Oxylipins - biologically active substances of food

Abstract

Oxylipins are biologically active molecules that are formed in all aerobic organisms enzymatically or as a result of the action of free radicals and reactive oxygen species. The value of oxylipins for plants is comparable to the value of eicosanoids for animals and humans. In the human organism, the oxylipins’ formation occurs through enzymatic or non-enzymatic oxygenation of various ω-6 and ω-3 polyunsaturated fatty acids (PUFAs) obtained from food. Being “local hormones”, oxylipins are involved in the regulation of inflammation, pain response, cell adhesion, migration and proliferation, apoptosis, angiogenesis, regulation of blood pressure, blood coagulation, and blood vessel permeability. There is a hypothesis that the molecular structure of oxylipins allows them to be positioned as adaptogens and justifies the use of plants as potential sources of oxylipins in traditional medicine.

The aim of this research is a brief analytical review of publications characterizing the adaptogenic potential and promising sources of oxylipins (plant, cyanobacteria, and algae).

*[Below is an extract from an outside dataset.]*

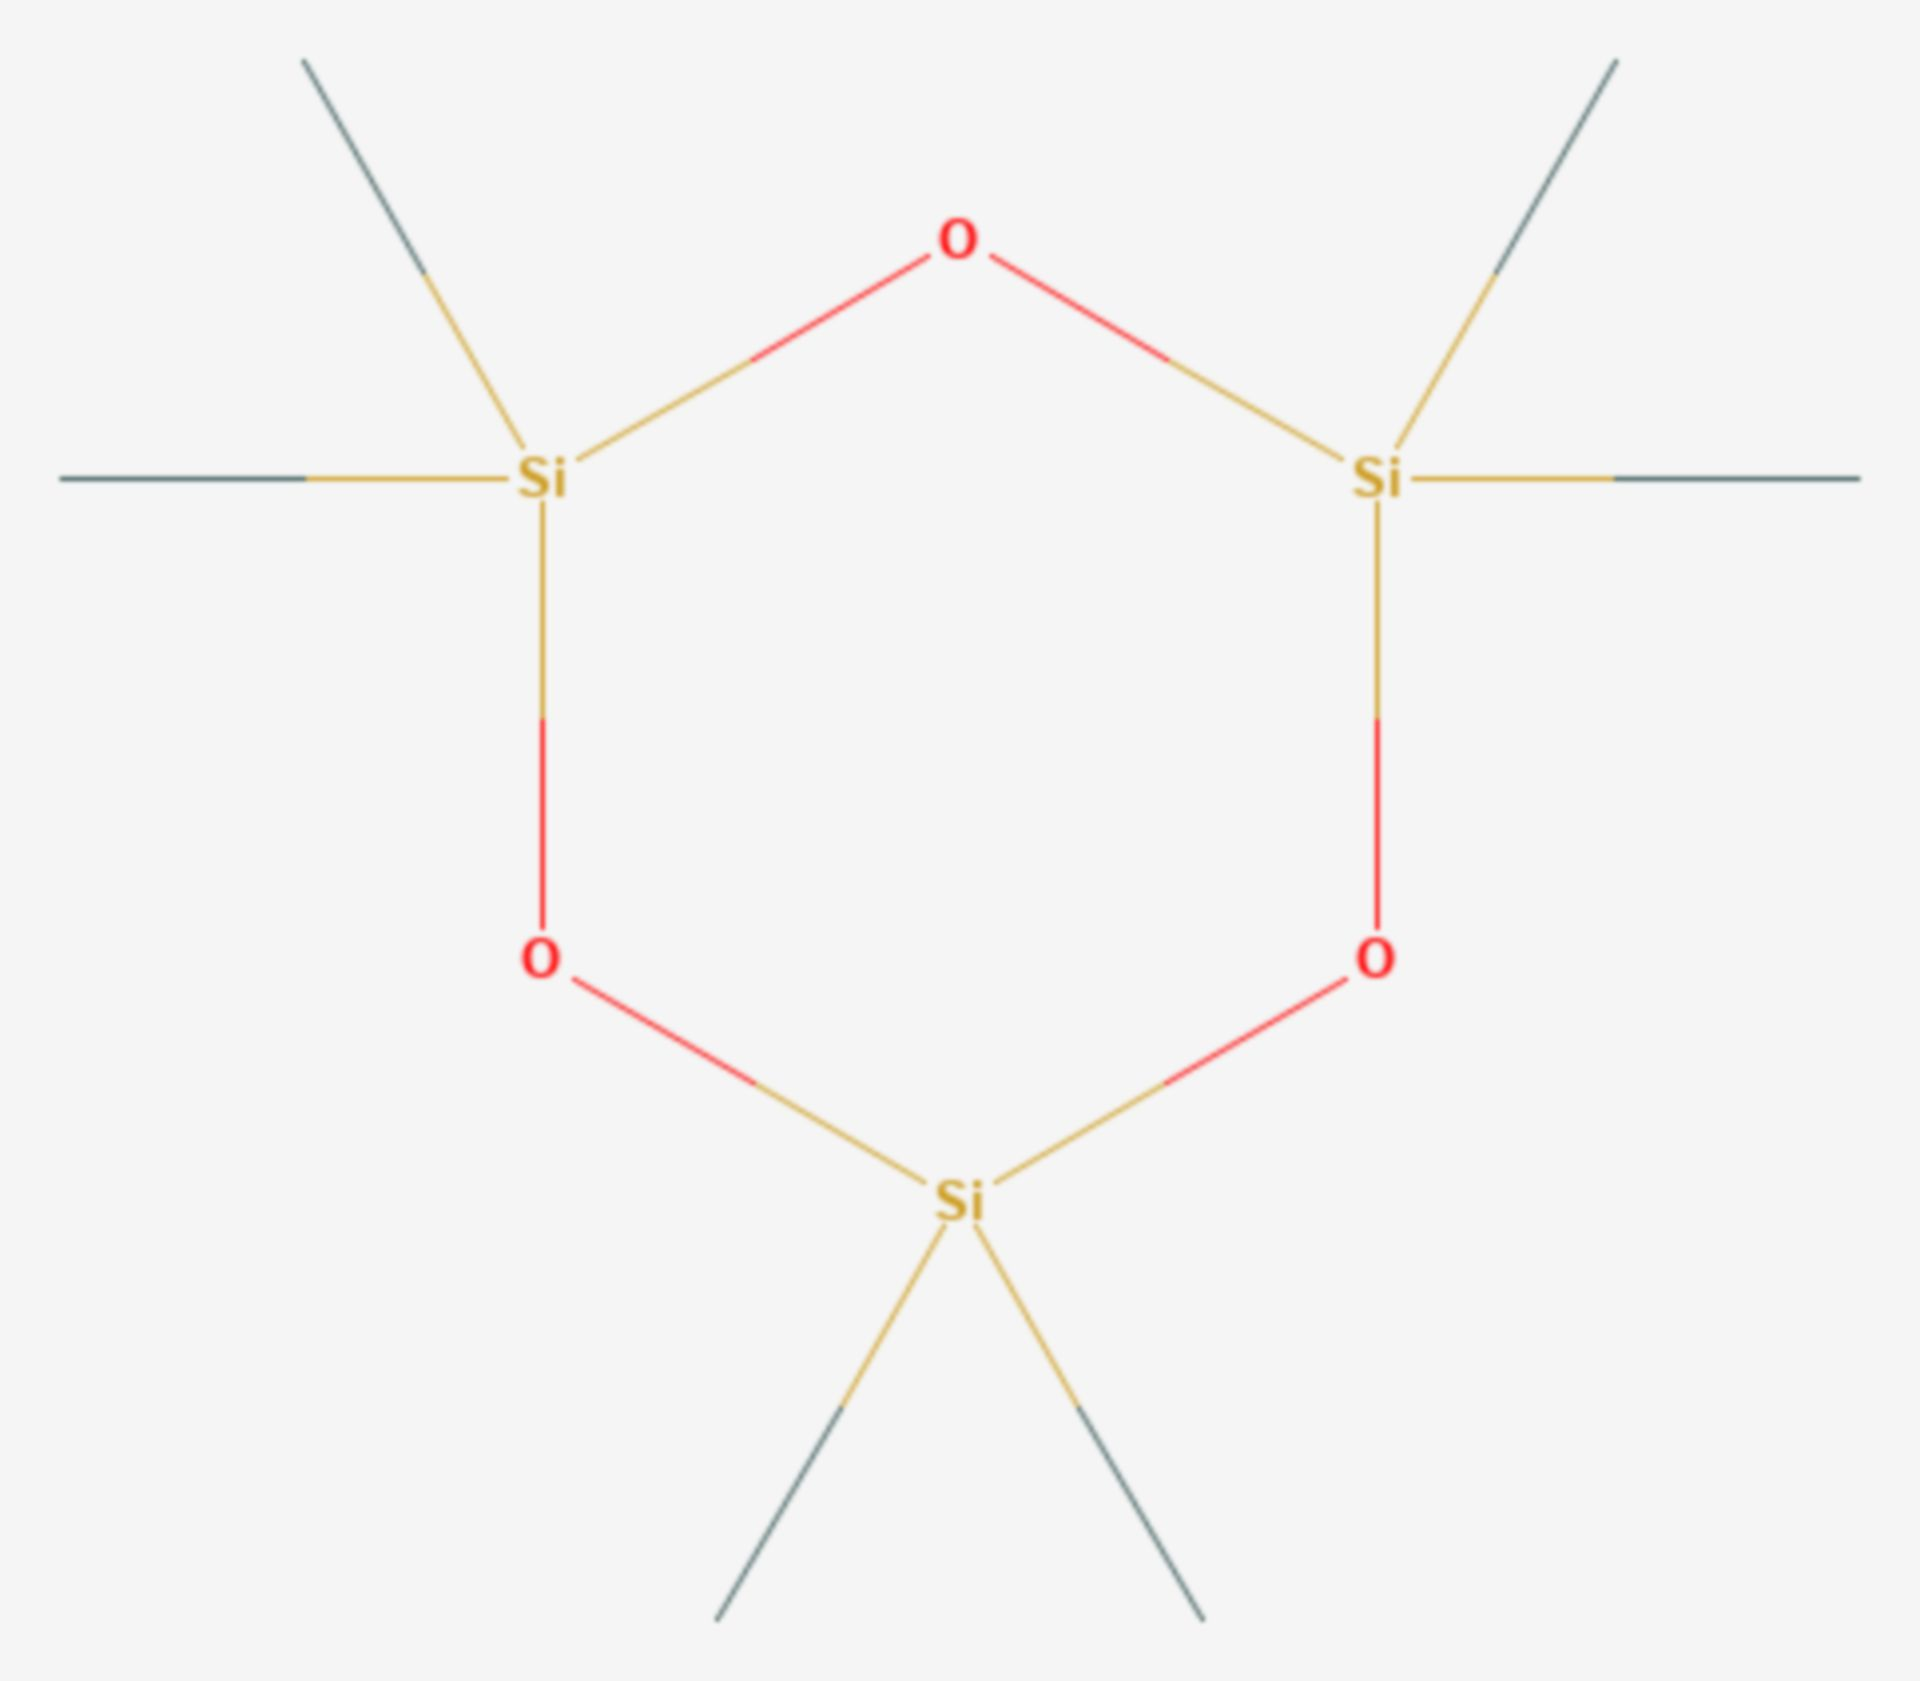 Hexamethylcyclotrisiloxan (Strukturformel)
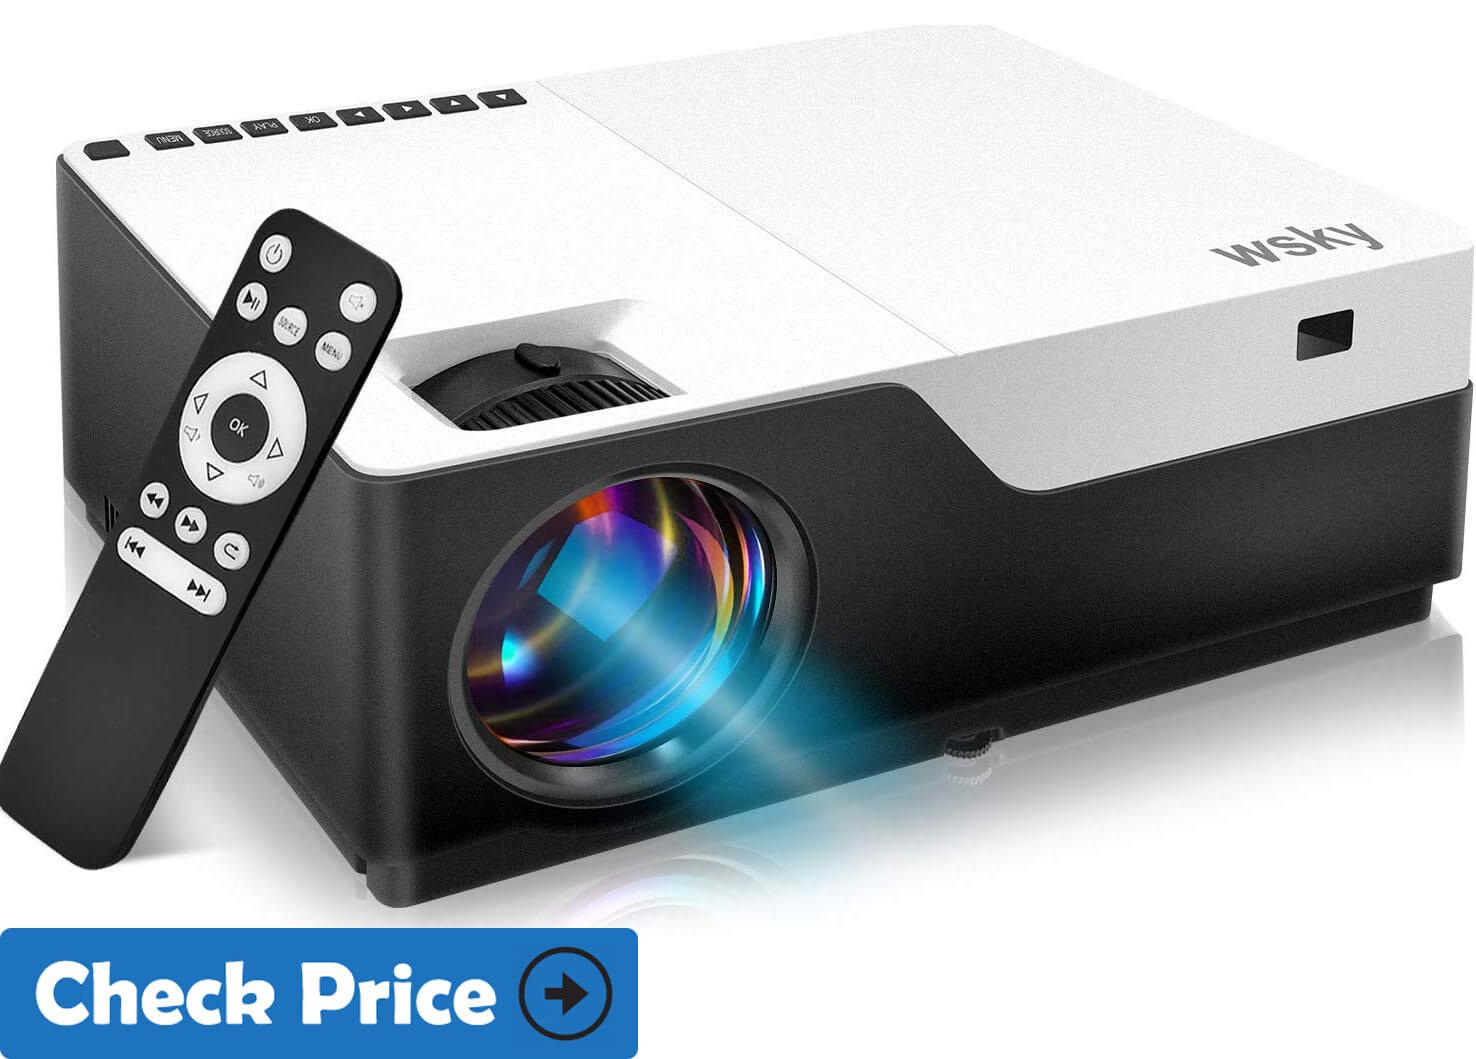 Wsky 1080P Projector under 300

Results. The publications of the last decade indicate an increased interest in the oxylipins of plants, cyanobacteria, and algae. In total, about 150 oxylipins and their derivatives are known in plants and fungi. Of the plant sources of oxylipins, Peruvian poppy root (Lepidium meyenii), white bryony (Bryonia alba L.), blackcurrant seed oil (Ribes nigrum), and licorice (Glycyrrhiza glabra) are of particular interest. Some macroalgae are capable of non-enzymatically or enzymatically synthesizing a variety of oxylipins, including antiinflammatory prostaglandins, resolvins, and leukotrienes. In addition, to common oxidized derivatives of fatty acids, macroalgae also contain a number of complex and unique oxylipins. Other sources of oxylipin producers include macroscopic gelatin colonies of freshwater cyanobacteria Aphanothece sacrum. As the analysis of the presented in the review publications showed, most anti-inflammatory and pro-resolvent oxylipins have antiproliferative properties, have adaptogenic potential, and can protect the body at the system level, contributing to the formation of favorable bacterial clearance.

Conclusion. The results of numerous studies indicate that plants, algae, and even bacteria can be a promising source of oxylipins, both for their use in their native form and for the targeted isolation of oxylipins from them in order to conduct further studies of their adaptogenic potential, cardio- and geroprotective properties. In the future, establishing the adequate daily intake of these substances and the development on their basis of dietary preventive and specialized products for various purposes will be relevant.

Keywords:biologically active substances, adaptogenes, oxylipins, polyunsaturated fatty acids

Funding. This work was supported by Russian Scientific Foundation (project N 19-16-00107).

Conflict of interests. Authors declare no conflicts of interest.

For citation: Shipelin V.A., Sidorova Yu.S. Oxylipins - biologically active substances of food. Voprosy pitaniia [Problems of Nutrition]. 2020; 89 (6): 6-13. DOI: 10.24411/0042-8833-2020-10073 (in Russian)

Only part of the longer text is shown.